The Prison in Twelve Landscapes is a Canadian documentary film, directed by Brett Story and released in 2016. Consisting of twelve short vignettes, the film explores the social impact of the prison–industrial complex in the United States through various angles, including a former industrial town in Kentucky which is now dependent on a federal penitentiary for local employment, a community park which was constructed solely to prevent registered sex offenders from being able to move into the local halfway house, and a man who runs a business selling items to family members of prisoners for inclusion in care packages.

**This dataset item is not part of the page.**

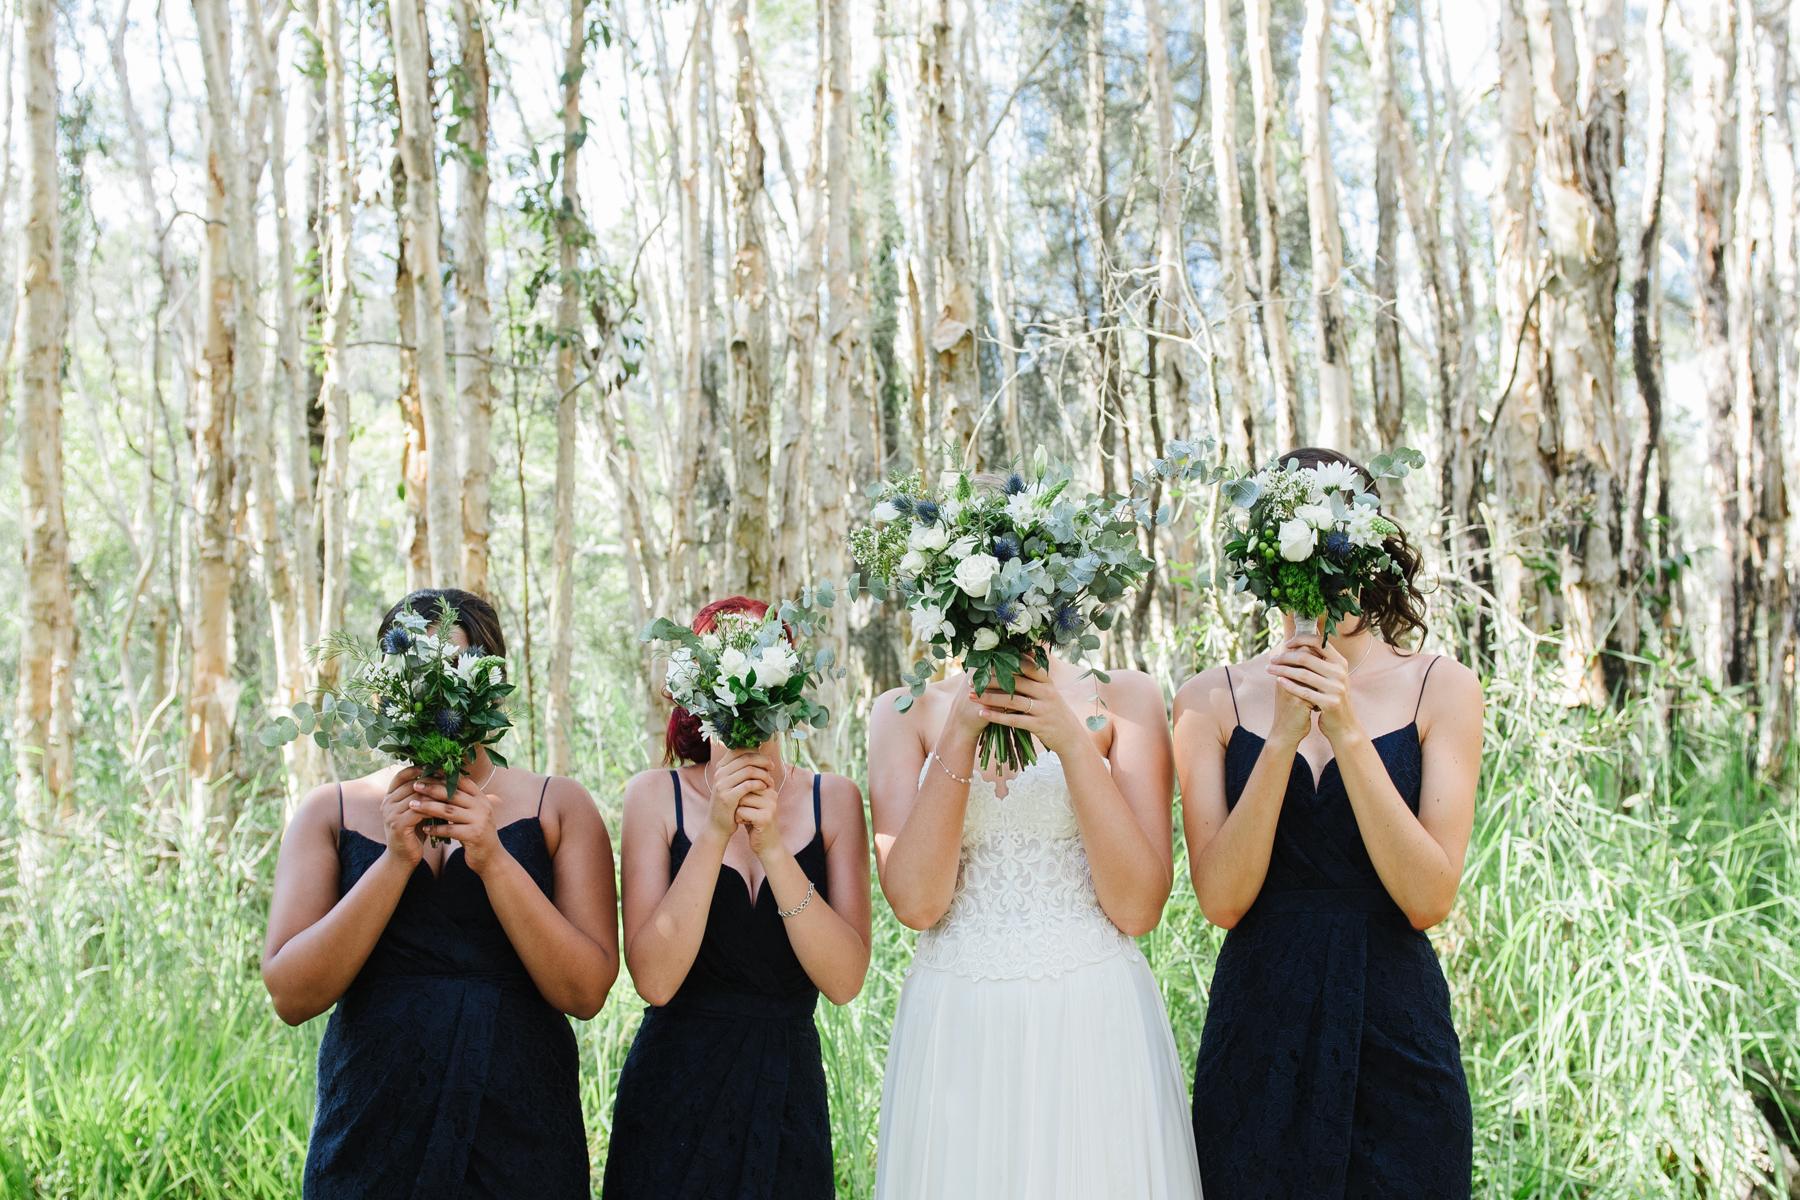 Cass and Josh- wedding photographer, byron bay wedding and family photographer, tweed heads wedding and family photography-544.jpg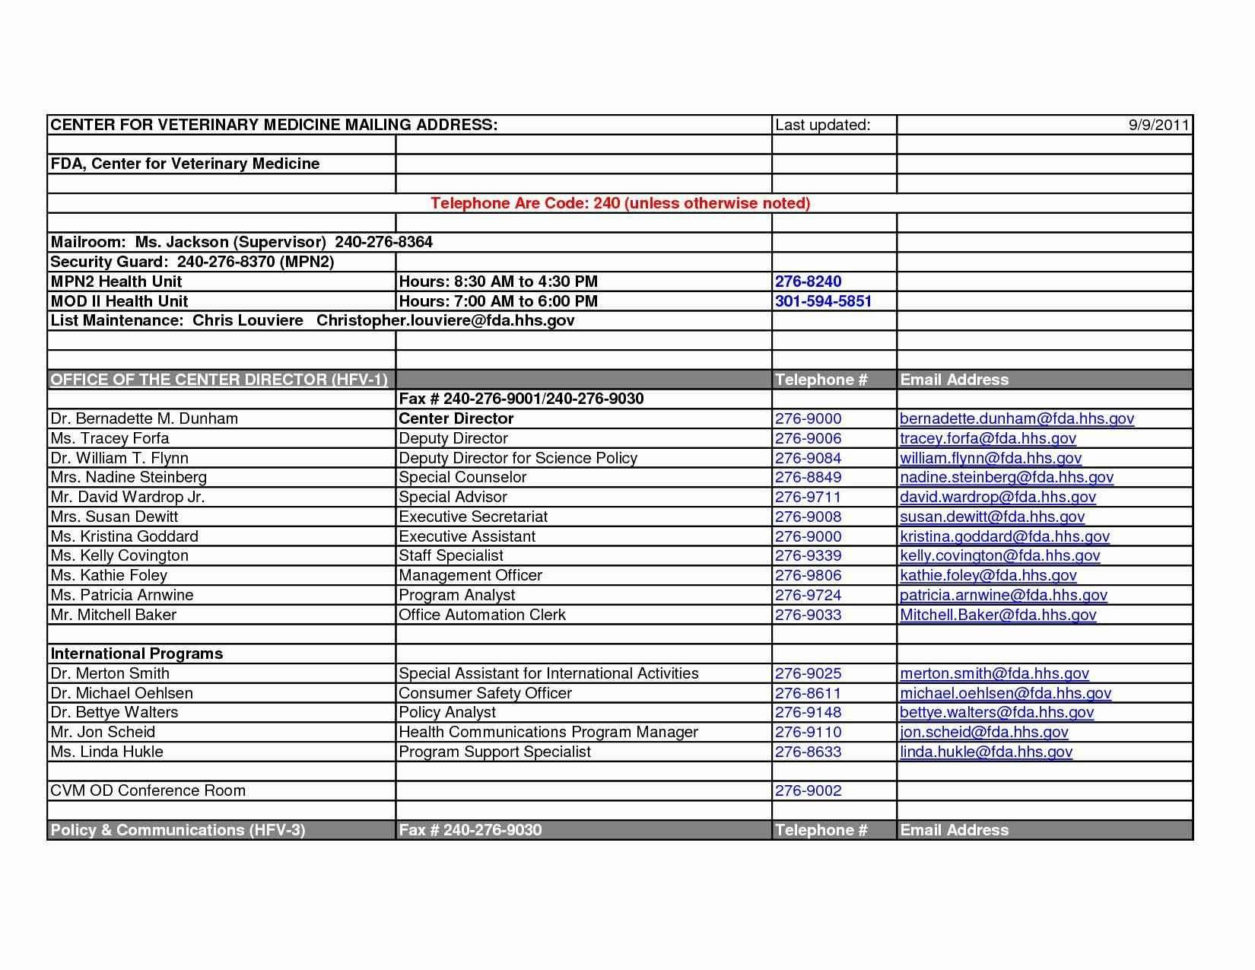 Rocket League Spreadsheet Prices Xbox Within Rocket League Prices Spreadsheet  Readleaf Document

The film premiered at the True/False Film Festival in March 2016, and had its Canadian premiere at the Hot Docs Canadian International Documentary Festival in May.

Reception

Critical reception
The Prison in Twelve Landscapes holds a 100% approval rating on review aggregator website Rotten Tomatoes, based on 6 reviews, with a weighted average of 7.8/10. On Metacritic, the film holds a rating of 86 out of 100, based on 5 critics, indicating "universal acclaim".

Awards
At Hot Docs, the film was awarded a $5,000 Special Jury Citation in the Best Canadian Feature Documentary category.

At the Vancouver Film Critics Circle Awards 2016, the film won the award for Best Canadian Documentary.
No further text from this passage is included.